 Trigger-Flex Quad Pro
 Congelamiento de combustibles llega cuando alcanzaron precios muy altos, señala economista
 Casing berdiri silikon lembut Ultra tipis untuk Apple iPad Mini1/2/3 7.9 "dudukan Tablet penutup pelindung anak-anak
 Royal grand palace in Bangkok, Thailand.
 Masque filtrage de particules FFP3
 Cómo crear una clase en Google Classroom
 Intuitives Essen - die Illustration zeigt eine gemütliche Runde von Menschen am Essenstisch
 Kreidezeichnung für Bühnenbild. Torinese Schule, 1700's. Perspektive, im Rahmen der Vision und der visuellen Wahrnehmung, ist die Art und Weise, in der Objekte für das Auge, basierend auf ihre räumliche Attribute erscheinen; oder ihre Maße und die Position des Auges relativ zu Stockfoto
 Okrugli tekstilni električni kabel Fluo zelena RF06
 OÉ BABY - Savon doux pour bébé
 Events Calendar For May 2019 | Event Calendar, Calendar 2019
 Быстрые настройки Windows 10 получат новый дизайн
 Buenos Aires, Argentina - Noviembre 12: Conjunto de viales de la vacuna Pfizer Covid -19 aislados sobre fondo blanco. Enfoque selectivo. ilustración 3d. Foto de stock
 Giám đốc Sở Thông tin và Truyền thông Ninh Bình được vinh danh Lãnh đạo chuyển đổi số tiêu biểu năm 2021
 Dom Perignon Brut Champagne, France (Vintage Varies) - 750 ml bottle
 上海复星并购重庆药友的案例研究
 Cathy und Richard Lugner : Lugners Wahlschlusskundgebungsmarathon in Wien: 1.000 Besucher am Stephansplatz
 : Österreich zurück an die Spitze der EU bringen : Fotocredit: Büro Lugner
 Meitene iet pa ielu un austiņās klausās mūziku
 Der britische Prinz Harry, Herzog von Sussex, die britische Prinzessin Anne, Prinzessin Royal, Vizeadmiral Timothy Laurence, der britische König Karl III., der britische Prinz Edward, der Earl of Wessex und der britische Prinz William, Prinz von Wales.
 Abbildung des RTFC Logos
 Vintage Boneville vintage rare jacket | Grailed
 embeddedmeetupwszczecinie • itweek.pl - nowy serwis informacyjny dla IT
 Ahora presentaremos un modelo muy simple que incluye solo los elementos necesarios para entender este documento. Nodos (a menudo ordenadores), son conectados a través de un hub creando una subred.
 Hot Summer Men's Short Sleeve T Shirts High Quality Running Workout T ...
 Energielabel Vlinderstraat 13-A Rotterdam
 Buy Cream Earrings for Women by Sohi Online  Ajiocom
────────────────────────────────────────
THE PROBLEM: Gather each line in the entries above where the string "Vintage" is found.

FINISHED TASK:
 Dom Perignon Brut Champagne, France (Vintage Varies) - 750 ml bottle
 Vintage Boneville vintage rare jacket | Grailed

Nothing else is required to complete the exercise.